Similar to RDS, you can set up DocumentDB clusters across multiple AWS Availability Zones within a region. You can select from a variety of different EC2 instance types for your DocumentDB cluster as well, including the t4g and r6g families that use the AWS Graviton ARM-based processor.

Because DocumentDB is a MongoDB compatible database engine, developed by AWS, you can use MongoDB tools to connect to it. For example, MongoDB Compass is a cross-platform, graphical tool that you can use to create documents and query them. You can use common MongoDB modules for various programming languages to connect your business applications to DocumentDB instances.

RDS and DocumentDB Instances Returned from API

Querying for a list of DocumentDB instances, using the DescribeDBInstances API, also returns RDS instances. Similarly, querying the RDS service with the similarly named DescribeDBInstances API returns DocumentDB instances.

This can be confusing for anyone who’s new to the RDS & DocumentDB APIs. There is overlap between these services, even though they have separate APIs. 

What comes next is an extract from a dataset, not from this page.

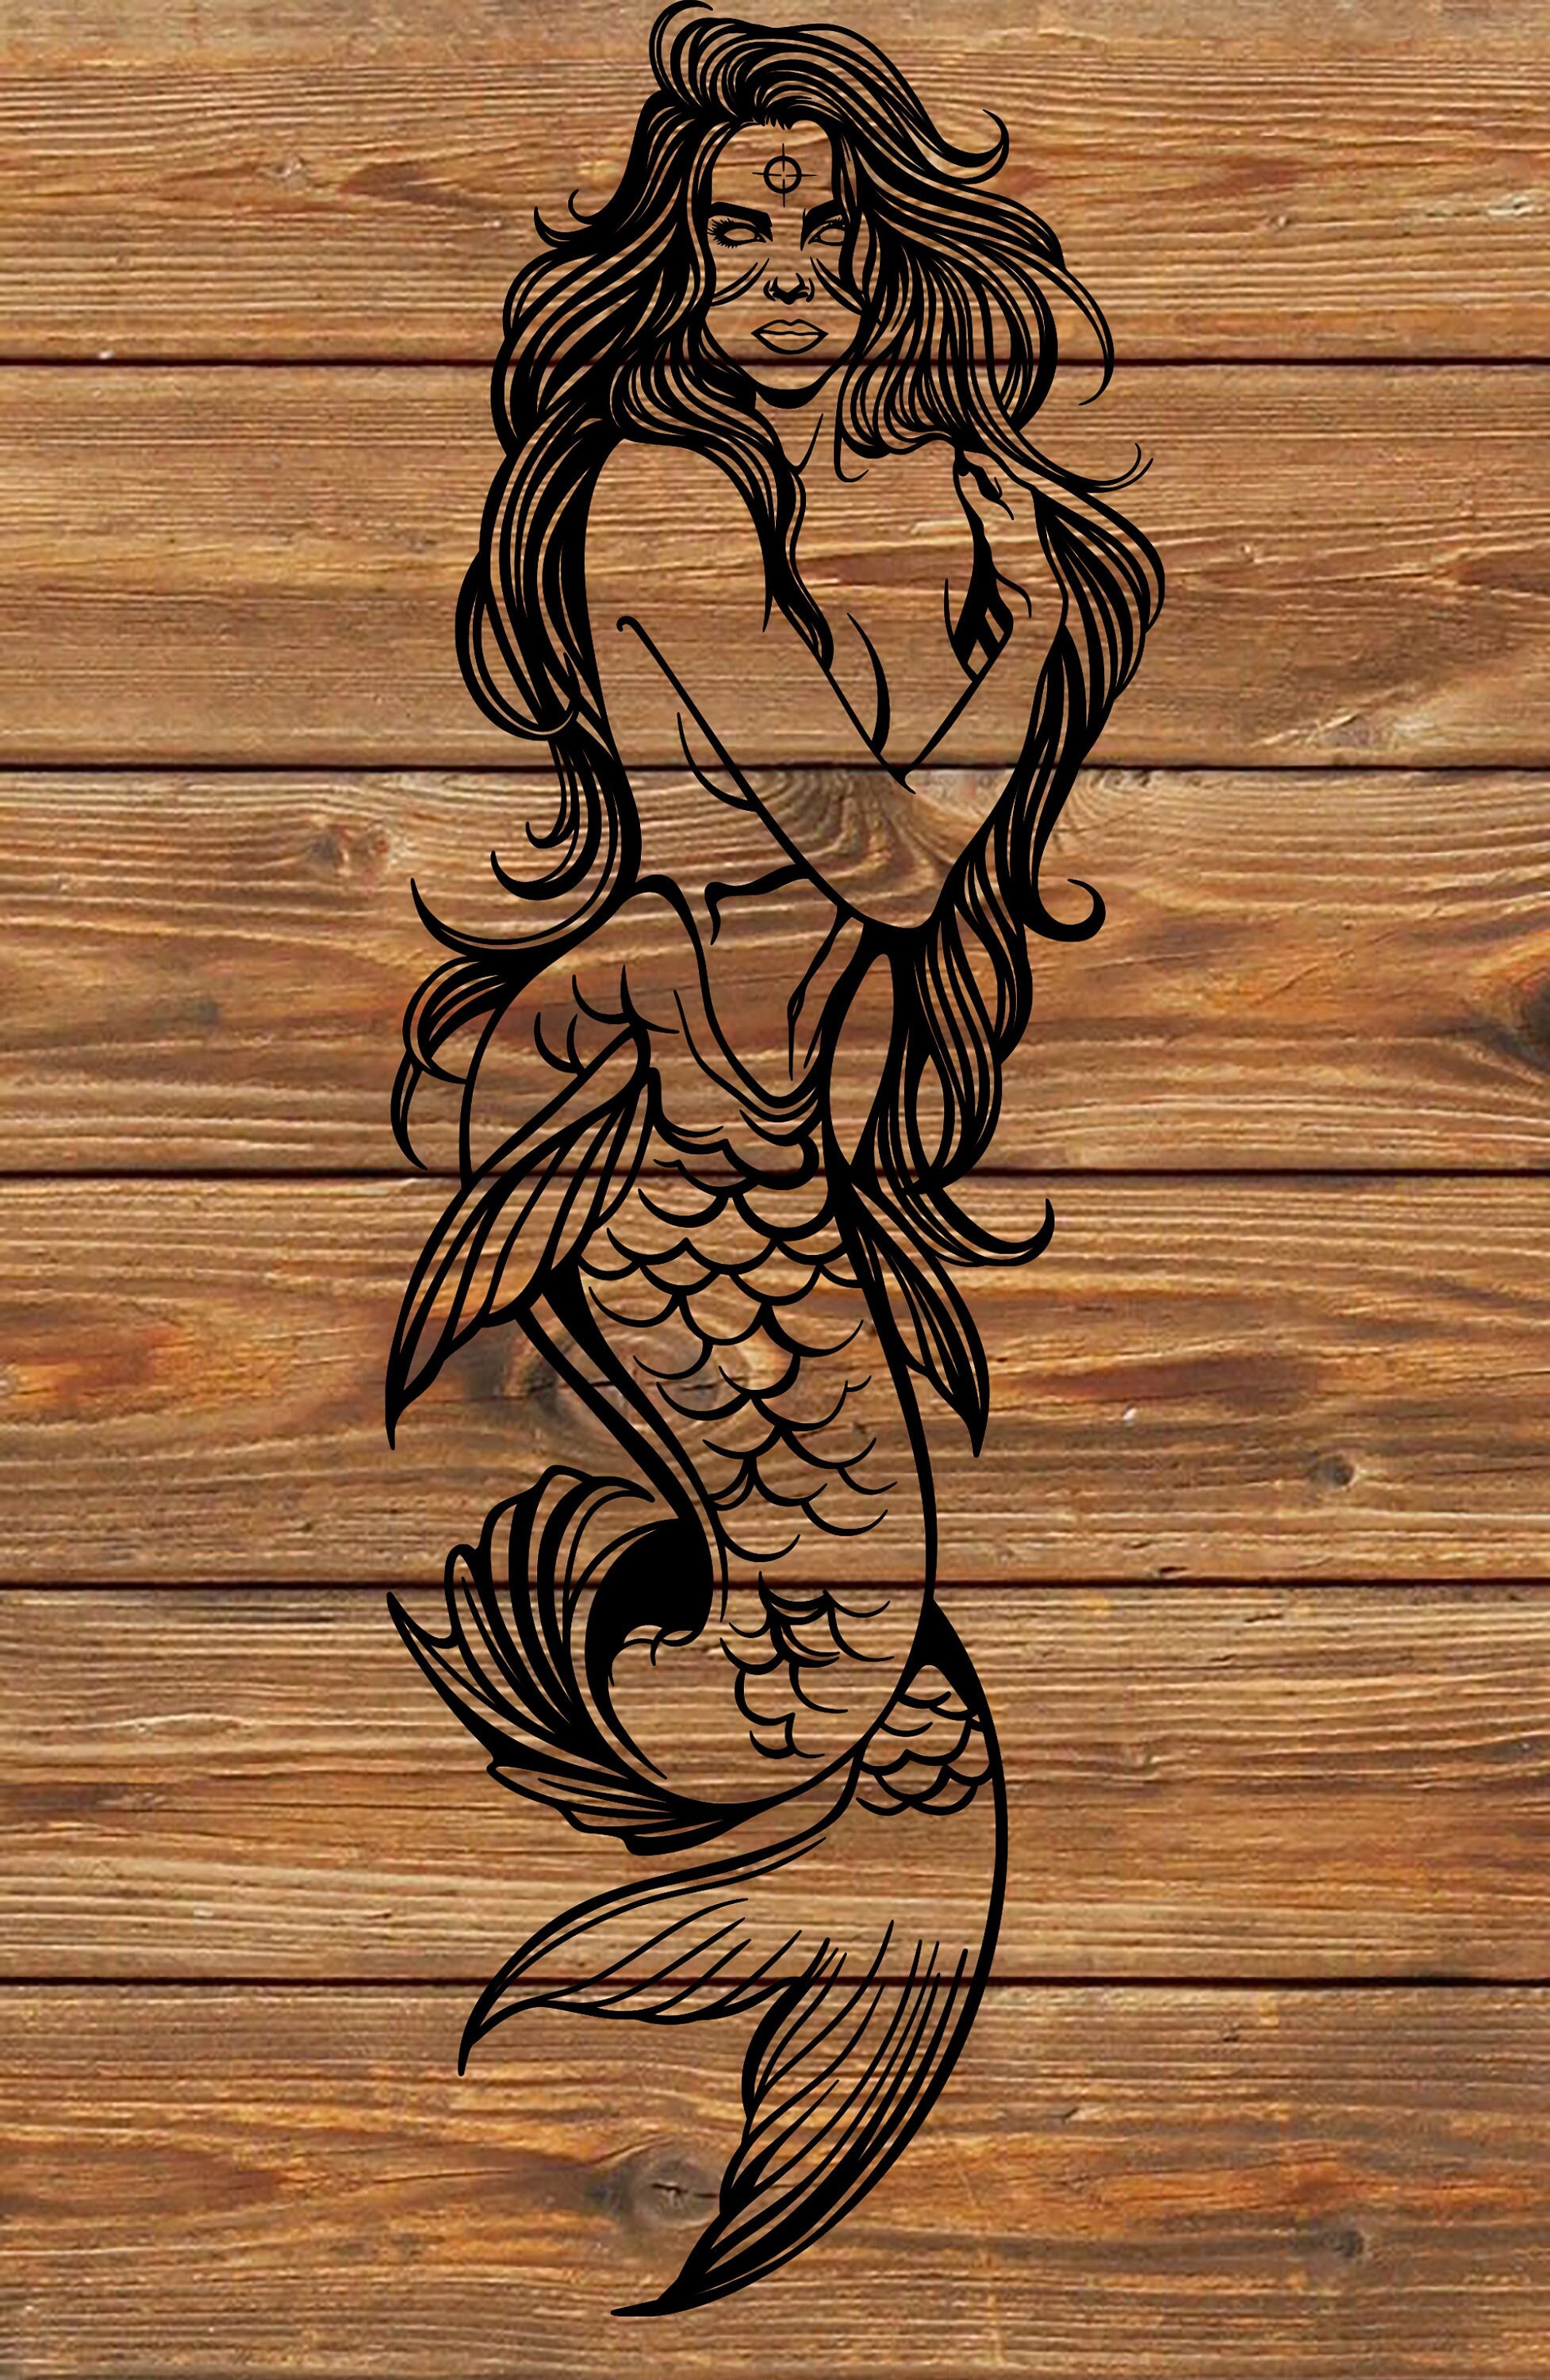 Details more than 213 mermaid silhouette tattoo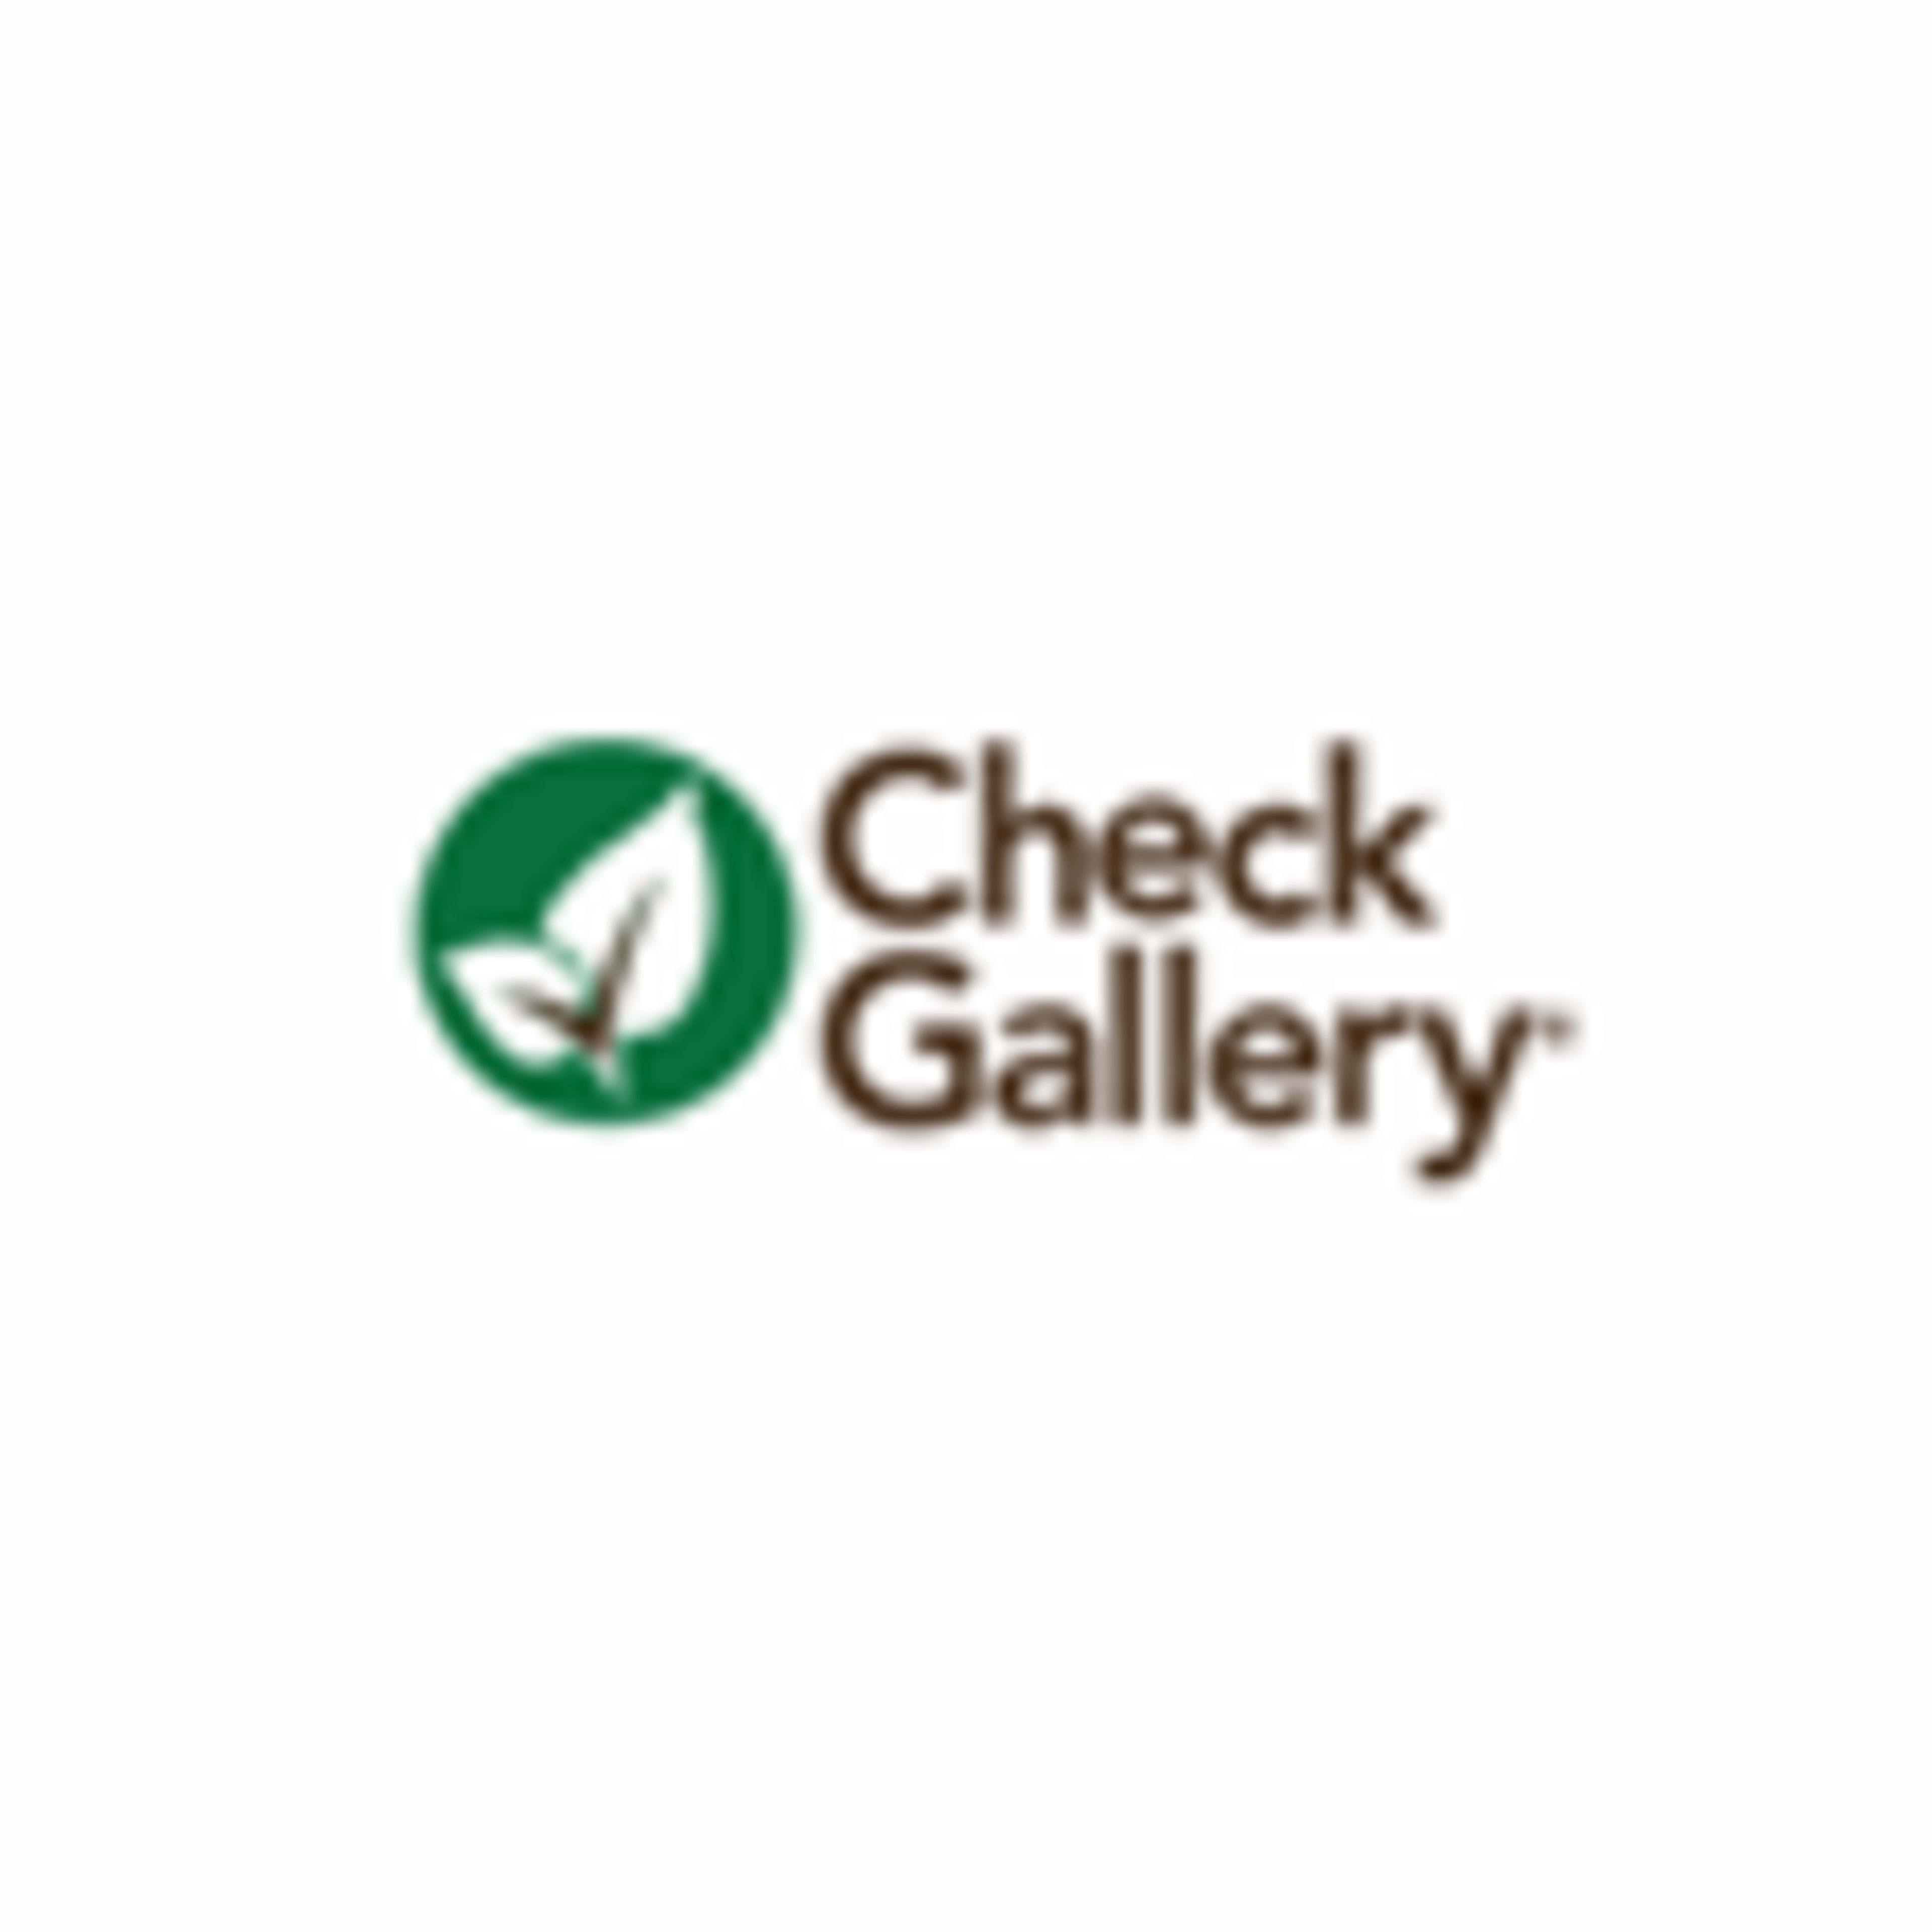 The Check GalleryCode

You can filter out the list of results for only DocumentDB instances by examining the Engine property on each result, and checking for the value of docdb.

In PowerShell, you could use the following command:

Install-Module -Name AWS.Tools.DocDB -Scope CurrentUser -Force

$DBList = Get-DocDBInstance | Where-Object -FilterScript { $PSItem.Engine -eq 'docdb' }

$DBList | Format-Table -AutoSize -Property DBInstanceIdentifier,DBInstanceStatus,Engine,EngineVersion

The first line simply installs the PowerShell module for the DocumentDB service. The second line retrieves a list of DocumentDB & RDS instances and filters them for only the DocumentDB instances, assigning the result to a variable. The third line pipes the contents of the variable into a Format-Table command, which displays a few key properties.

You can specify different properties to retrieve, by specifying any of them from the screenshot below, or by using an asterisk to select all properties. The default display format, shown in the screenshot, is a list view.


Cost Optimization

For Amazon DocumentDB clusters, there are a few ways to approach cost optimization.

First of all, you can monitor Amazon CloudWatch for the number of connections to the database server. Secondly, you can check CPU utilization of the server. Thirdly, you can temporarily stop your DocumentDB clusters so that you’re not charged for the compute costs.

DocumentDB Connection Count

Amazon DocumentDB exposes a snapshot of the current connection count every 60 seconds. Keep in mind that connections could be created and dropped in between the gathering of the metric data points.

Those connections would not be captured in the connection count, due to the way that DocumentDB gathers metric data points. Even if the connection count in CloudWatch shows 0 for a lengthy period of time, it’s still possible that short-lived connections, lasting for just a few seconds, are being created and then destroyed.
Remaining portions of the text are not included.